The New York Times has a fantastically interesting visual representation of what people the world around are spending their money on, and how said spending relates to their neighbours. It's a tad dated (Sept 08), but still quite insightful.
What I would love to see is a similar chart showing philanthropic activity with a breakdown of what is given to who and how it shrinks/contracts during times of recession. How does this correlate to consumer spending? Do we see people in countries who typically consume less give more when their fellow citizens are struggling? Do certain donors (health care, poverty alieviation, etc) see a relative increase when things get rough? Would there be any way to leverage this information to better drive donations?
4 comments:
As you know I did a good deal of looking into such data sets a few weeks back. The overall picture seems to be that philanthropic giving tends to match overall economic decline. It does not precipitously fall, but rather adjusts to the new economic reality with relatively stable and comparable decline.
Of course that's based on data from previous periods of economic down turn, and the best data we have at this point is very short term at best.

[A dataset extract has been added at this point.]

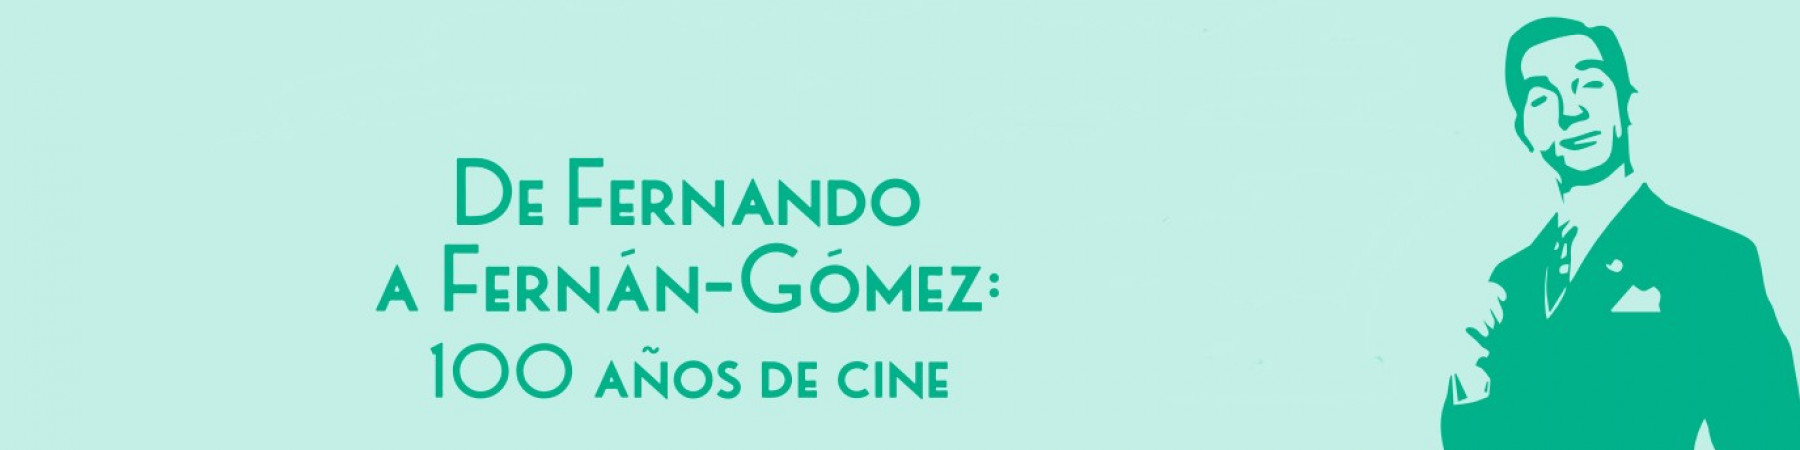 De Fernando a Fernán-Gómez:100 años de cine

The most stable giving is - of course - religious/religiously motivated giving.
Great post! I'm looking forward to mining this a bit more.
And Adunare, would you mind posting some articles/visuals from your research?
Yes. Sometime... it's background research for our charitable pre-budget submission. We're going to be coming out with a good deal more on this in the next little while, so you'll actually see it crop up online/in your inbox :)
Wow, that's fascinating. Thanks for posting.